Roundnose types of bullets today are considered as archaic as wooden wheels. Yet up until the 1960s the vast bulk of factory non-magnum revolver ammunition carried RN lead bullets. For decades I bought into the common trend. Therefore when able to scrape up a few bucks for another handgun bullet type mould it was cut for a WC or SWC design. Then in the early 1980s, I began to undergo a change. Instead of basing my knowledge on others’ writings I started paying attention to bullet holes placed in paper targets by me.
The SWC fans are right about bullet shape on game. There exists hardly anything better. But there’s another end to the spectrum. Personally I do precious little handgun shooting at game and have not participated in bullseye target competition since my teens. My handgun shooting now is purely recreational: at steel falling targets, steel dueling trees and even stationary steel plates with an occasional paper target mixed in. RN types of bullets serve me well and in fact have some advantages. When casting, they veritably fall from the mould cavities because there are few sharp driving bands to hang up. Dropping RN types of bullets into revolver cylinders is eased for the same reason.
And be sure; they are accurate. Even the old time writers grudgingly admitted that. With experience, especially with revolvers, a theory developed in my mind. Often revolvers have excessively large cylinder chamber mouths. For instance, it is common to encounter .45 Colts with .451 inch barrel groove diameters and .456 inch and larger chamber mouths. My theory is that roundnose bullets sort of self-center in revolver forcing cones and fly truer. There isn’t a bit of scientific evidence to support my theory. But, I have had superior accuracy from many .45 Colt revolvers with roundnose types of bullets compared to their performance with SWCs.
Let’s look at some RN bullet loads of my experience. Back in its heyday, .38 Specials were mostly factory loaded with 158 grain RN bullets at about 850 fps. Lyman’s bullet #358311 was developed to duplicate the factory load’s profile. That RN .38 Special factory load is easy for handloaders to duplicate. An alloy of one part tin to 20 parts lead causes bullets from my Lyman #358311 mould to drop at 160 grains. From the 6 ½ inch barrel of my S&W Outdoorsman (Model 23) 4.5 grains of Unique gave 852 fps with those bullets matching the old 158 grain RN factory load.
When Smith & Wesson introduced their new N-frame Hand Ejector 1st Model in 1907 it was introductory vehicle for the likewise new .44 Special. For bullet the factories simply put the same 246 grain RN previously used in .44 Russian factory loads. Although nominal factory ballistics have usually been rated at 755 fps, I’ve chronographed .44 Special 246 grain RN factory loads scores of times since starting in 1973 and never once found a batch going that fast.
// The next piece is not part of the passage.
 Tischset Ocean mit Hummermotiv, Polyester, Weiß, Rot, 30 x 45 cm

In fact quite often such factory loads fail to break 700 fps.
Redding/SAECO produces bullet type moulds suitable for duplicating that Winchester factory load. It is #442. With 1-20 alloy bullets drop from the mould at 248 grains. Those RNs over 4.7 grains of Titegroup gave 716 fps and 6.3 grains of Unique gave 722 fps. Lyman’s bullet #429383 will serve as well.
Here’s one of those conundrum thingys. I’ve said in print many times that in regards to accuracy I think the .44 Specials’ reputation is overrated; that on the average it gives no better precision than any other big bore revolver cartridge. I’ll almost grant an exception to my own attitude with RN bullets. I’ve seen some fine groups shot with RN bullets in my own .44 Special revolvers; much better than ever gotten with SWC bullets.
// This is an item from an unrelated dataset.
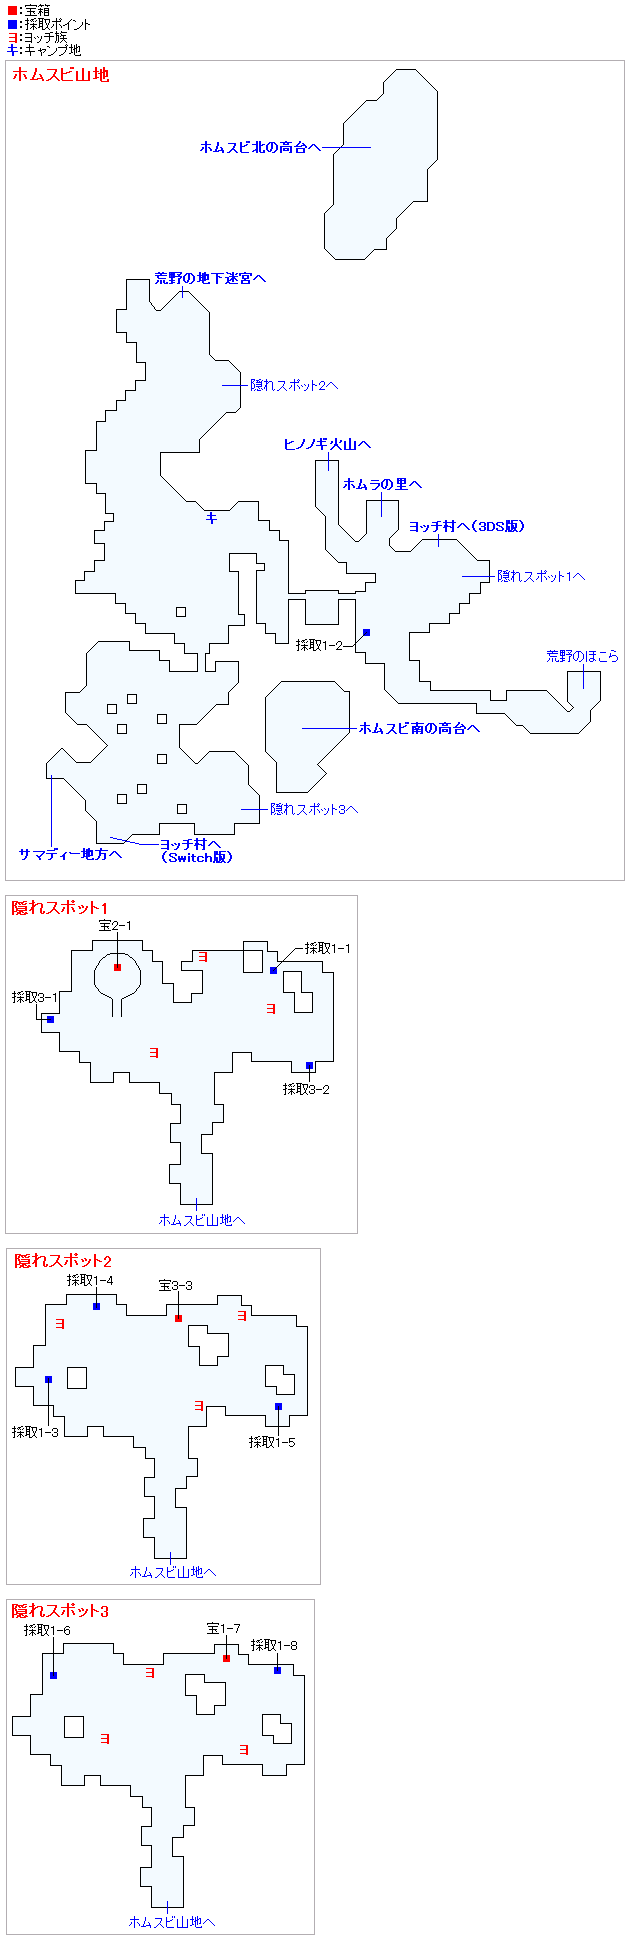 ドラクエ11s ドラクエ11 ホムスビ山地のマップデータ

The .45 Auto-Rim was developed for RN bullets of 230 grains weight. Put in Oregon Trails 230 grain RNs meant for .45 ACP and crimp over the top band. Drop 4.7 grains of Red Dot under them and you’ll have a fine load giving about 800 fps from a 5 ½ inch barrel.
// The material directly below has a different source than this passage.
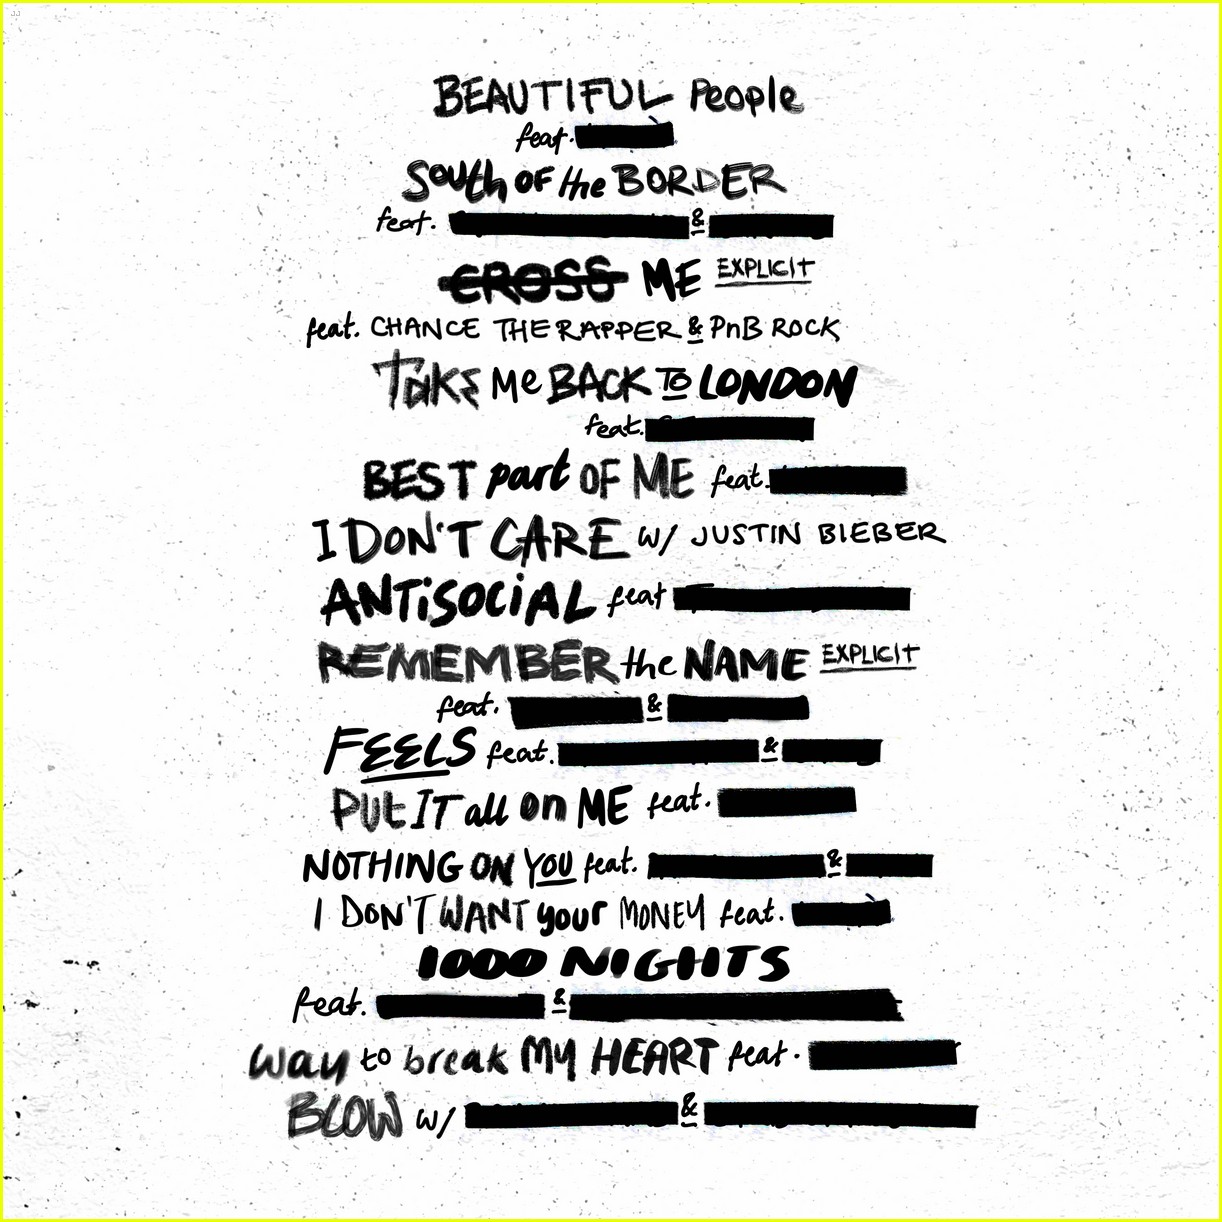 ed sheeran collab album details 02

Last we come to the .45 Colt. As said before, its factory 250 grain (255 grain in Winchester) factory loaded types of bullets have a very small meplate but for practical purposes they are still RNs. Most companies produce bullet moulds to approximate the profile of .45 Colt factory RN bullets. The one I’ve settled on was #45-250 (or #324) made by NEI. My reason for that preference is because there’s a crimping groove at the proper location, which is absent from many .45 Colt RN cast bullets. Mine weigh 251 grains right out of the mould.
Both Winchester and Remington rated their .45 Colt factory loads with 255/250 grain RNs as giving 860 fps. The same as with .44 Special never have I actually clocked those factory loads going so fast. Mostly they run from about 730 fps to 800 fps depending on exact revolver and barrel length. As chronographed from a 4 ¾ inch Colt SAA of 1964 vintage, 8.0 grains of Unique with the NEI bullet gave 875 fps so duplicating nominal factory speeds is possible. More realistic, however, are the velocities given by 6.0 grains of Red Dot or Titegroup. They were 789 and 818 fps respectively.
Many shooters today still sneer at RN bullets. I’d even venture to say that SWCs are “king” among cast handgun bullet types whether home cast or commercially cast. Neither of those facts needs be so. Unless used specifically for game or bullseye targets RN bullets handloaded to roughly equal old RN bullet factory loads do fine.
DISCLAIMER: All reloading data in this article is for informational purposes only. Starline Brass and the author accept no responsibility for use of the data in this article.